::: Supplied data :::

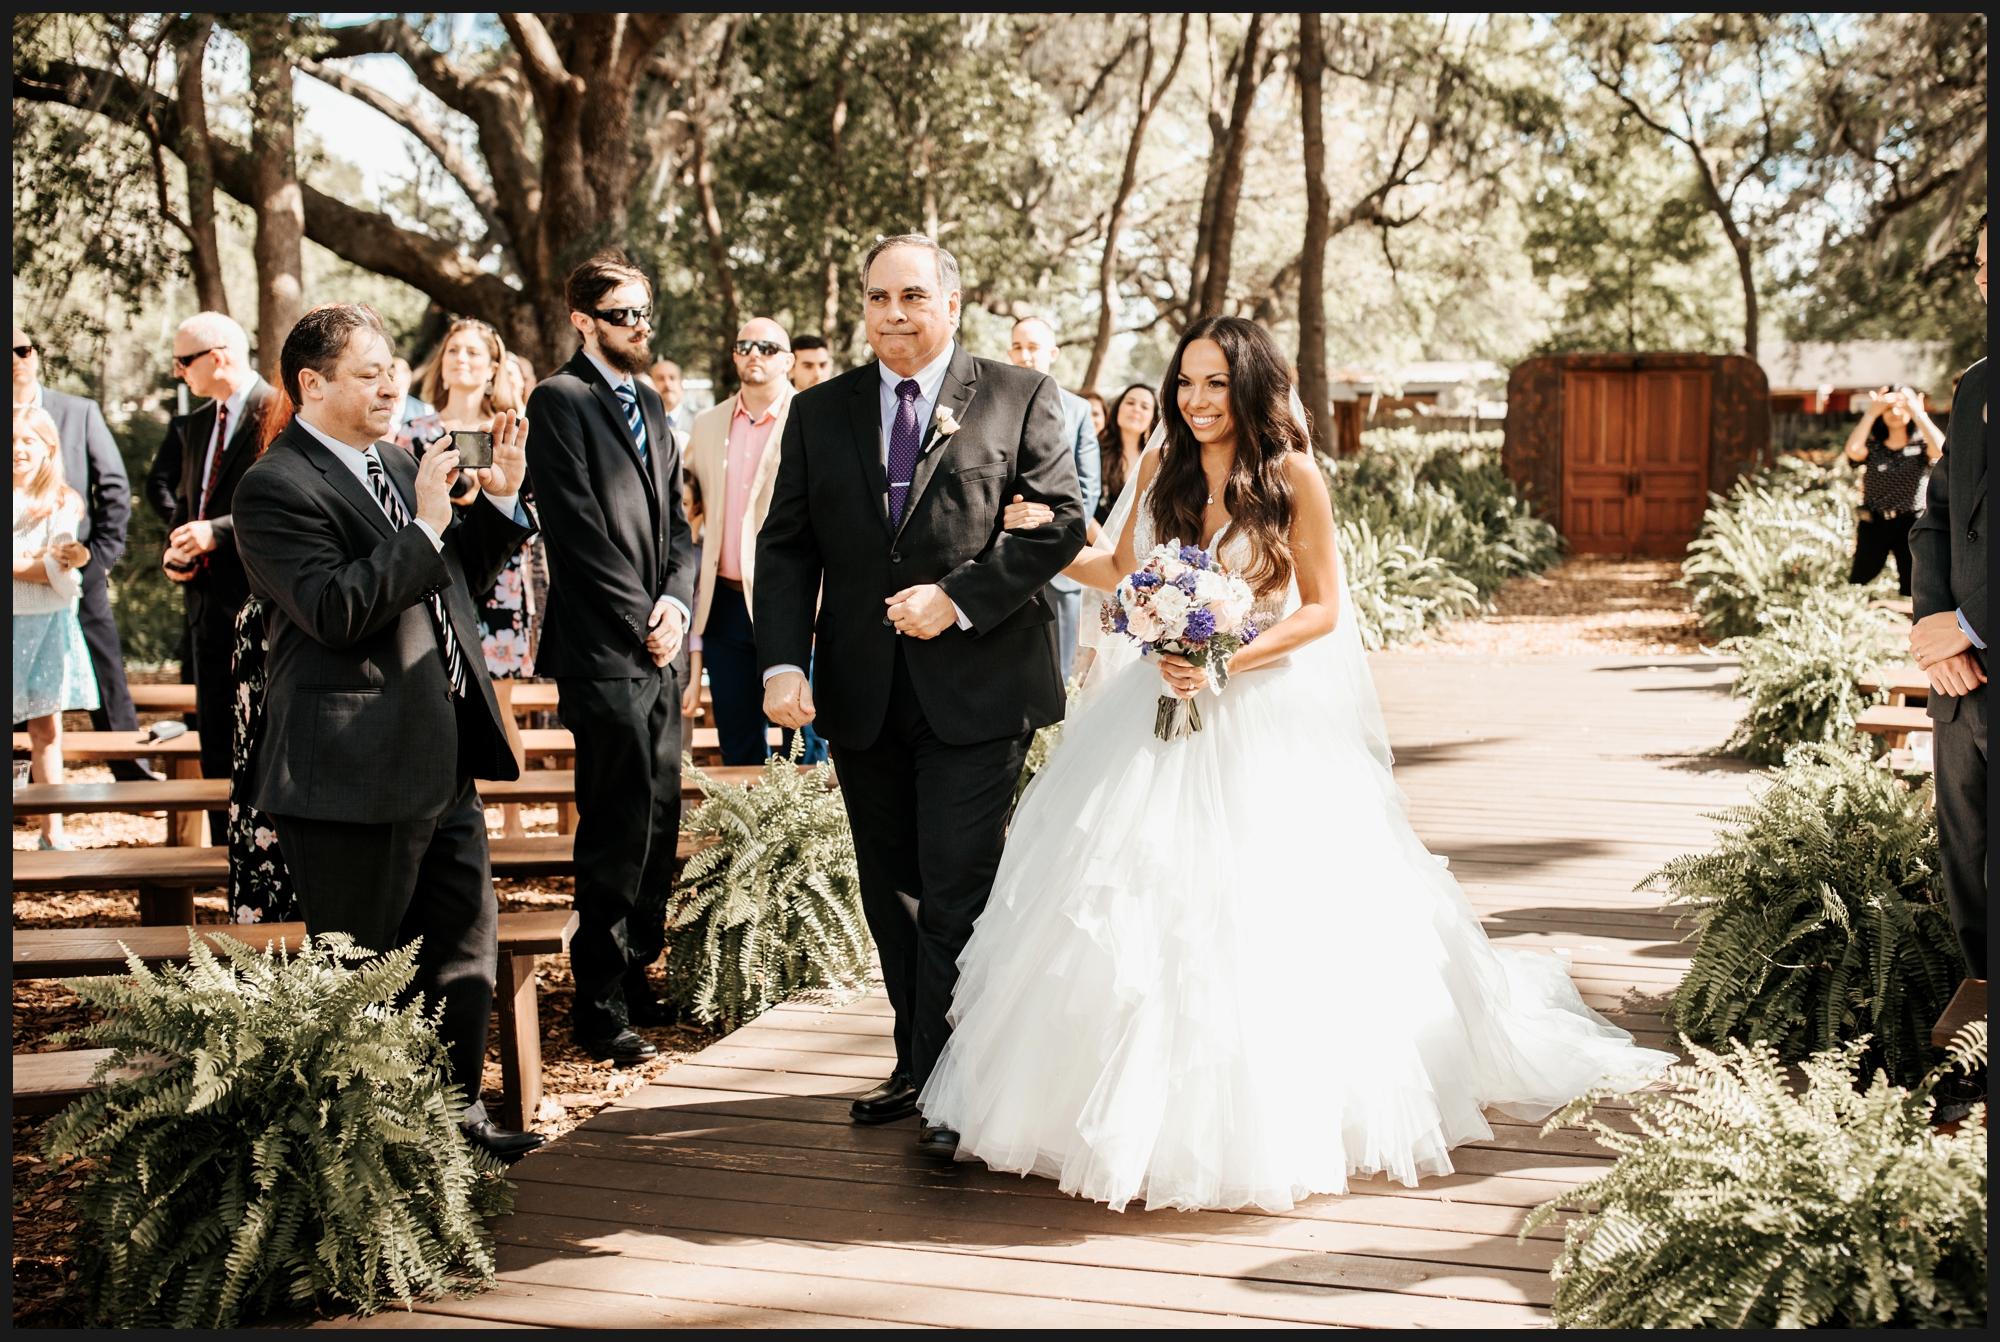 Orlando-Wedding-Photographer-destination-wedding-photographer-florida-wedding-photographer-bohemian-wedding-photographer_1610.jpg
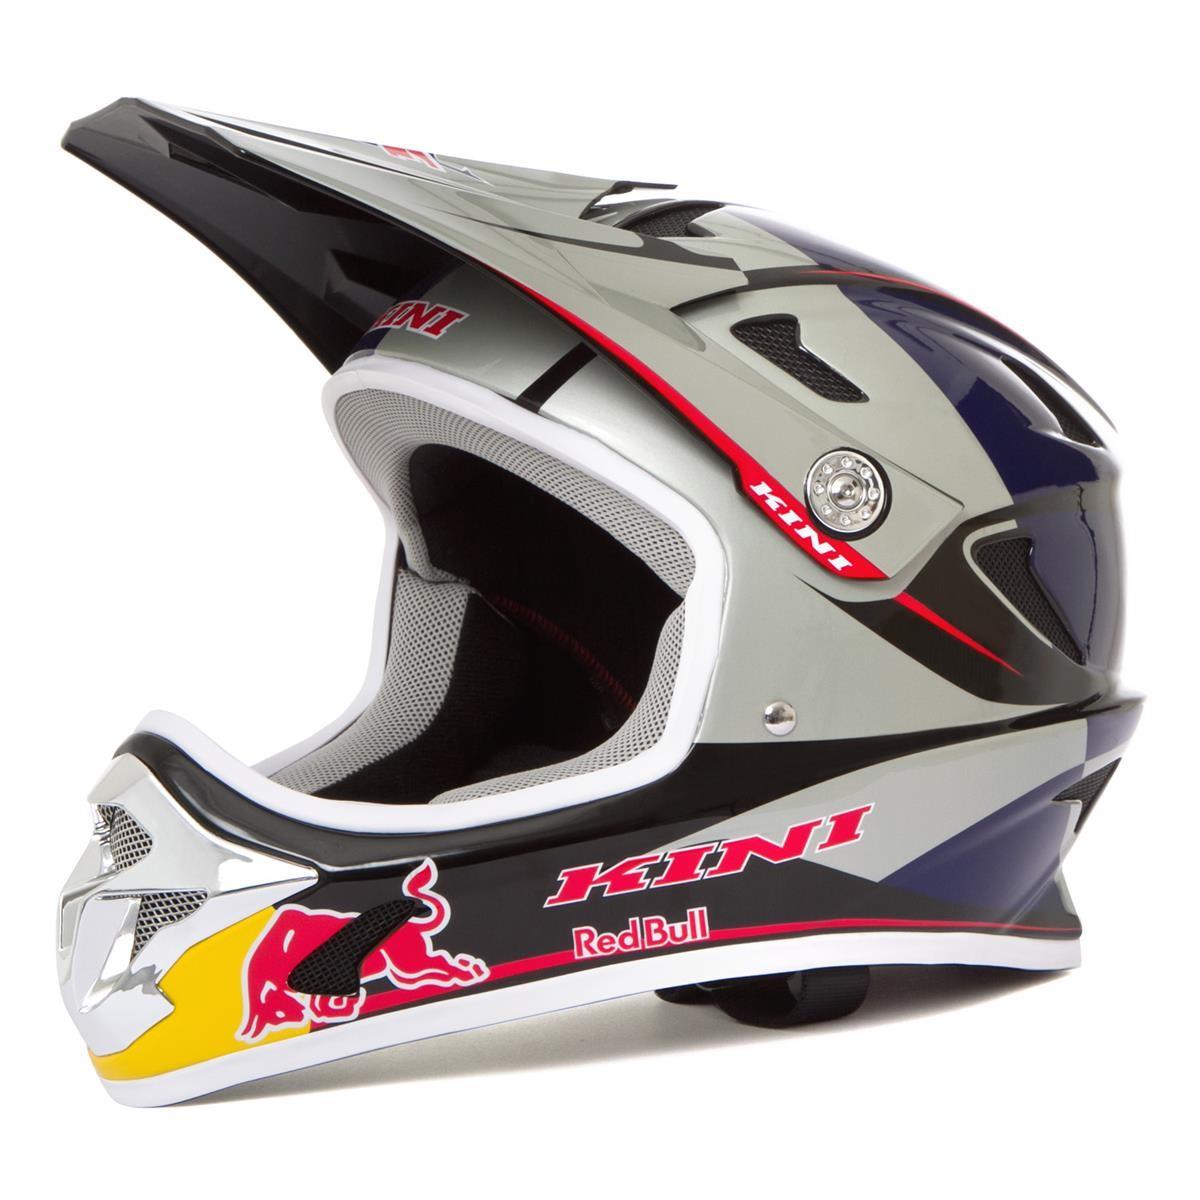 Kini Red Bull Downhill-MTB Helm MTB Silber/Blau 151086626 317
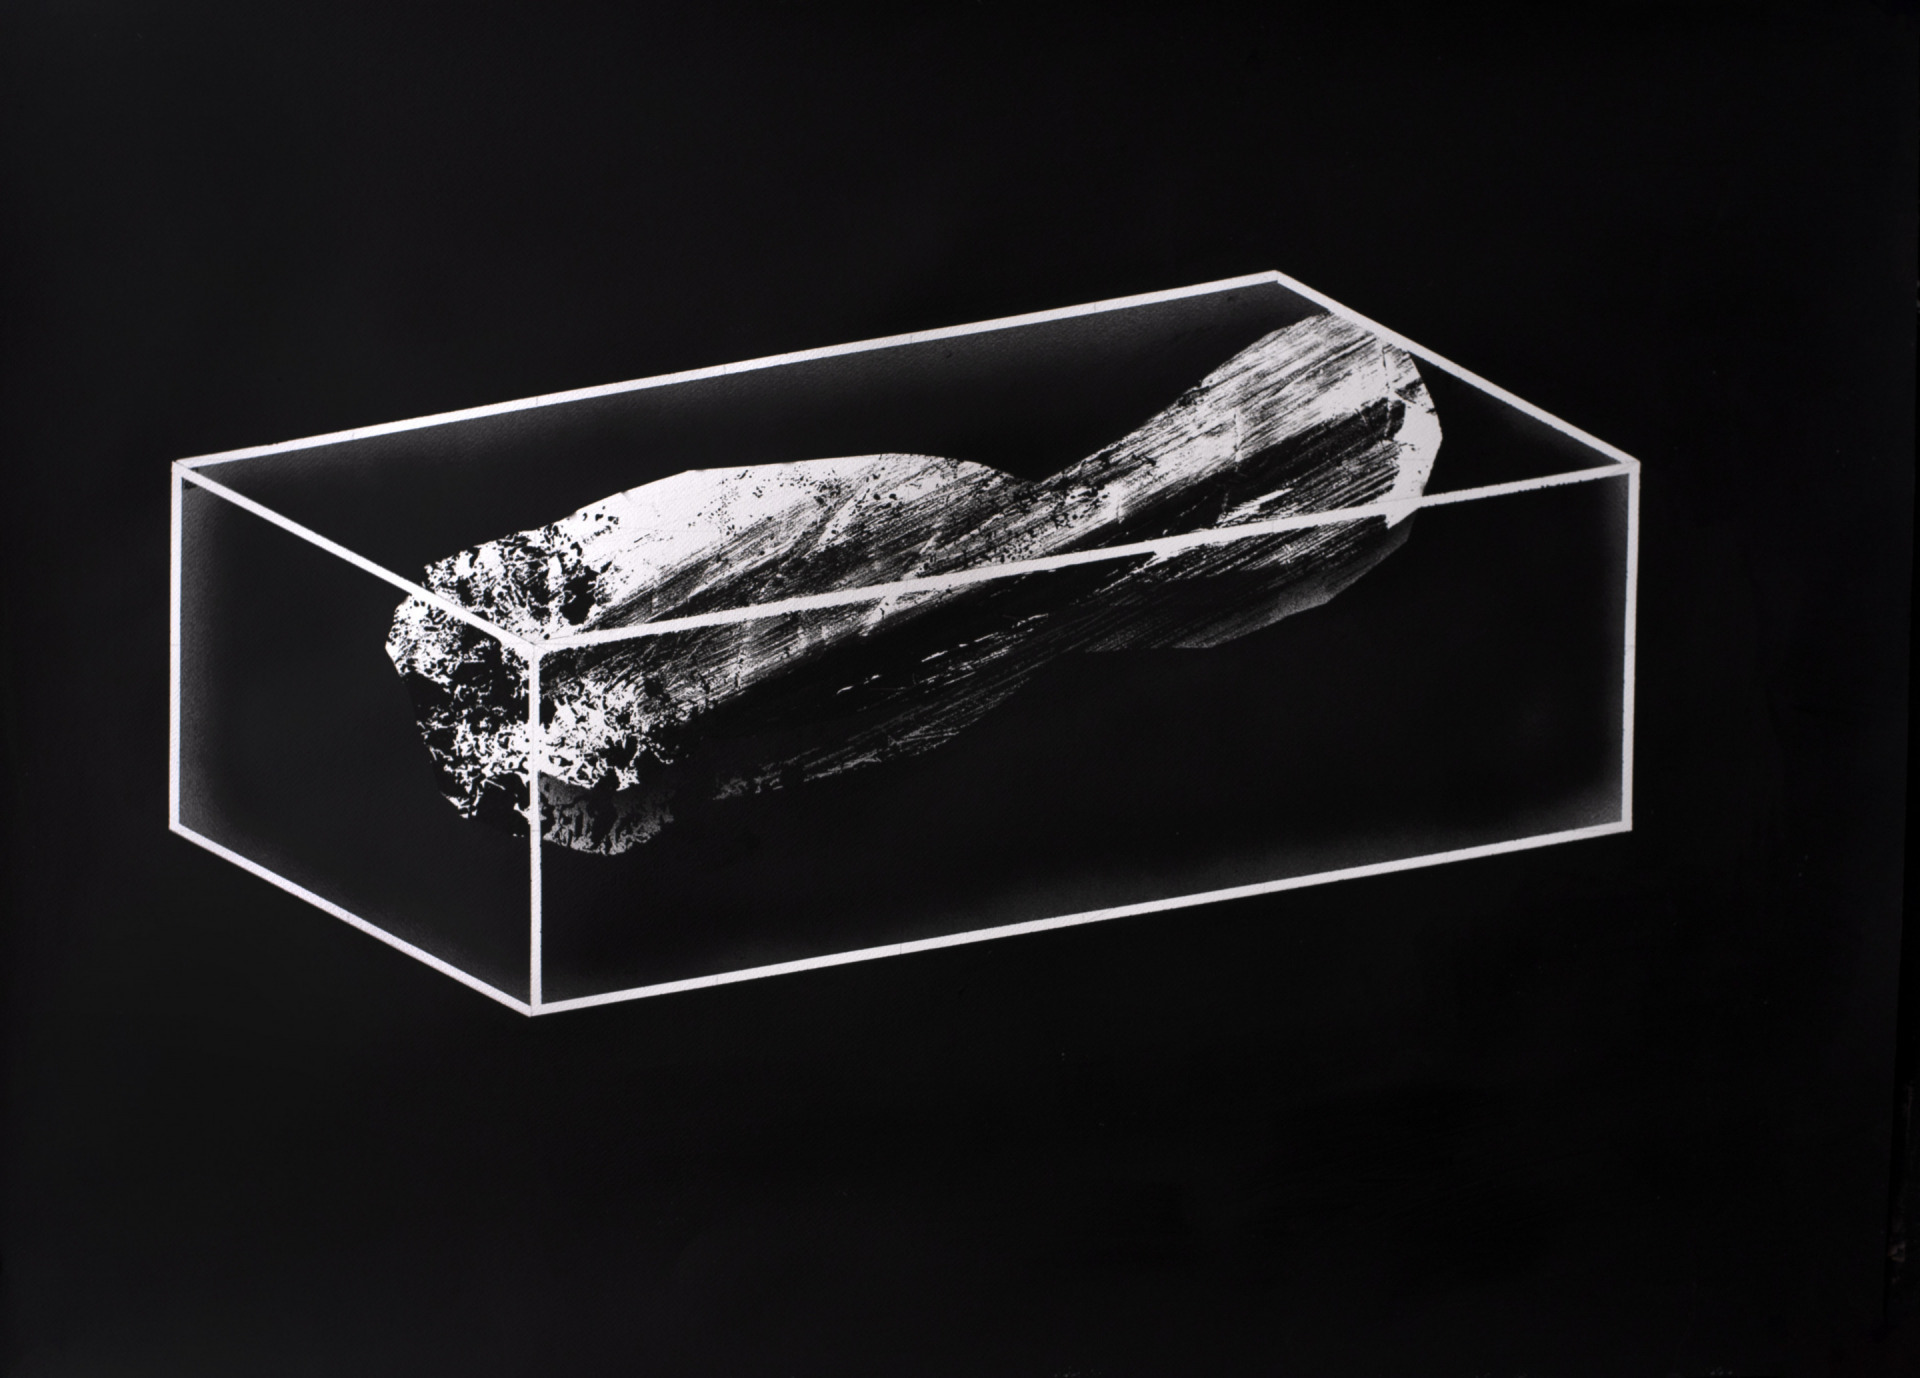 Contemporary art from Gyula Sági | op200321. 9

:::

Where the material contains pictures, leave them out and copy the rest verbatim.

 Orlando-Wedding-Photographer-destination-wedding-photographer-florida-wedding-photographer-bohemian-wedding-photographer_1610.jpg
 Kini Red Bull Downhill-MTB Helm MTB Silber/Blau 151086626 317
 Contemporary art from Gyula Sági | op200321. 9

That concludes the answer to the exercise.